Exhibit 1(l)
                             WELLS FARGO & COMPANY

                                 $3,500,000,000

                               Medium-Term Notes
                                      and
                    Subordinated Medium-Term Notes, Series B

              Due from Nine Months to 12 Years from Date of Issue

                                AMENDMENT NO. 7
                                     TO THE
                    FINDER AGREEMENT DATED JANUARY 23, 1991,
                                 AS AMENDED BY
                      AMENDMENT NO. 1 DATED MARCH 14, 1991
                                      AND
                    AMENDMENT NO. 2 DATED SEPTEMBER 27, 1991
                                      AND
                      AMENDMENT NO. 3 DATED APRIL 29, 1992
                                      AND
                    AMENDMENT NO. 4 DATED DECEMBER 23, 1992
                                      AND
                      AMENDMENT NO. 5 DATED MARCH 24, 1994
                                      AND
                     AMENDMENT NO. 6 DATED AUGUST 24, 1995


                                                              ________ ___, 1996



Wells Fargo Bank, National Association
420 Montgomery Street
San Francisco, California 94163



Ladies and Gentlemen:

     Reference is made to the Finder Agreement dated January 23, 1991 (the
"Finder Agreement"), as amended by Amendment No. 1 thereto dated March 14, 1991
("Amendment No. 1"), Amendment No. 2 thereto dated September 27, 1991
("Amendment No. 2"), Amendment No. 3 thereto dated April 29, 1992 ("Amendment
No. 3"), Amendment No. 4 thereto dated December 23, 1992 ("Amendment No. 4"),
Amendment No. 5 thereto dated March 24, 1994 ("Amendment No. 5") and Amendment
No. 6 thereto dated August 24, 1995 ("Amendment No. 6") each between Wells Fargo
& Company, a Delaware corporation (the "Company"), and Wells Fargo Bank,
National Association (the "Finder"), with respect to the issuance 

                                       1.

 
and sale by the Company of its Medium-Term Notes described therein. The parties
hereto acknowledge that (i) this Amendment No. 7 ("Amendment No. 7") shall
relate only to the Company's Medium-Term Notes that are issued, or as to which
offers to purchase have been accepted by the Company, on or after the date
hereof; and (ii) the Company's Medium-Term Notes that have been issued and sold,
or as to which offers to purchase have been accepted by the Company, prior to
the date hereof shall not be affected by this Amendment No. 7, but shall instead
continue to be governed by the Finder Agreement, as amended by Amendment No. 1,
Amendment No. 2, Amendment No. 3, Amendment No. 4, Amendment No. 5 and Amendment
No. 6 or the Distribution Agreement dated _____ __, 1996 between the Company and
the Agents named therein, as the case may be. Terms not otherwise defined herein
shall have the meanings ascribed to them in the Finder Agreement.
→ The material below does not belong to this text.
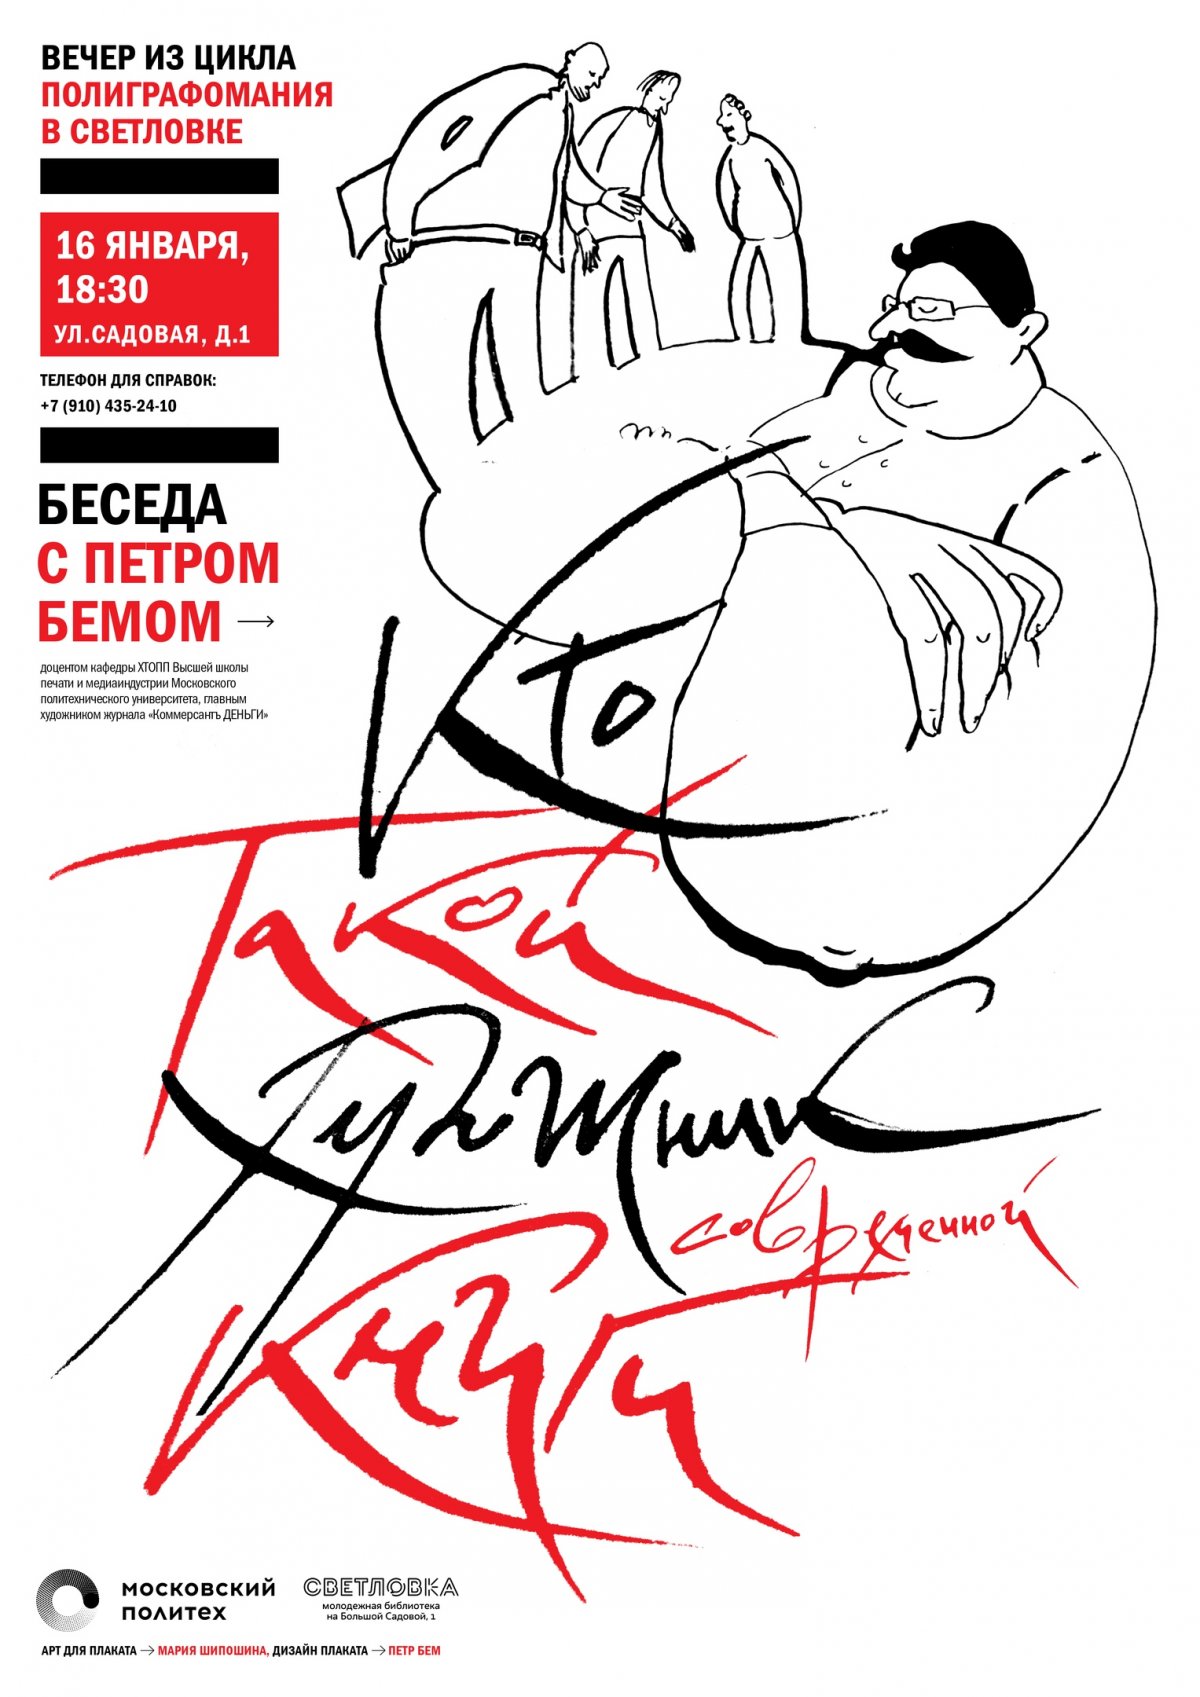 16 января в рамках цикла "Полиграфомания" состоится творческий вечер и мастер-класс художника Петра Бема, доцента Московского Политеха.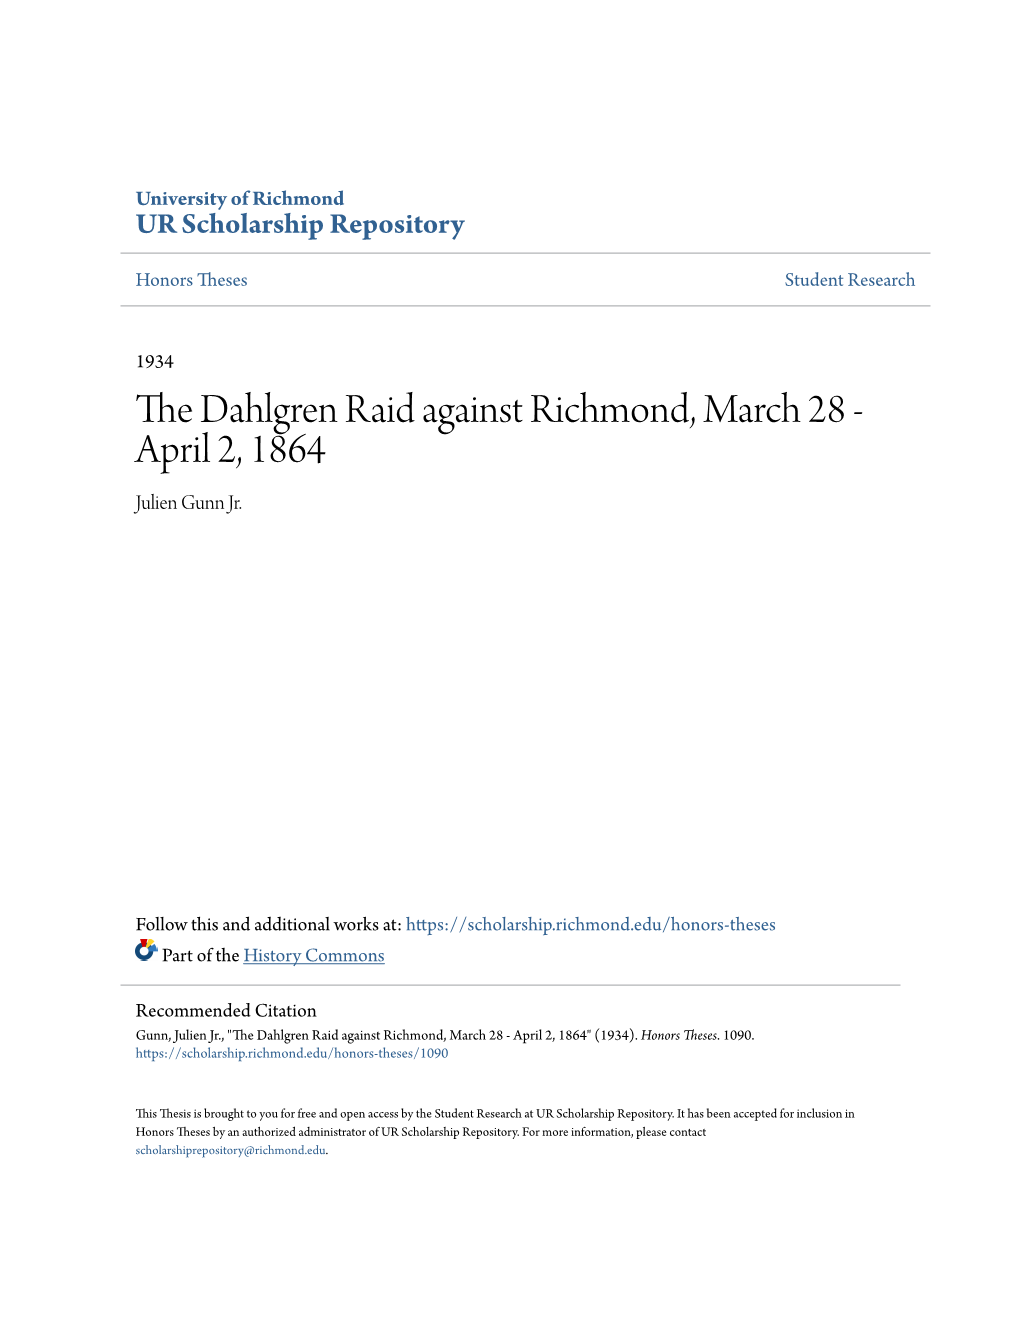 The Dahlgren Raid Against Richmond

         With respect to the Medium-Term Notes issuable pursuant to this
Amendment No. 7, references in the Finder Agreement to the "Agreement" shall be
deemed to mean the Finder Agreement as amended by Amendment No. 1, Amendment No.
2, Amendment No. 3, Amendment No. 4, Amendment No. 5, Amendment No. 6 and this
Amendment No. 7 thereto, and references therein to the date of the Agreement
shall be deemed to be to the date of this Amendment No. 7 thereto. Additionally,
references to the Senior Trustee or Subordinated Trustee, as the case may be,
shall be deemed to refer to its authenticating agent if one has been appointed.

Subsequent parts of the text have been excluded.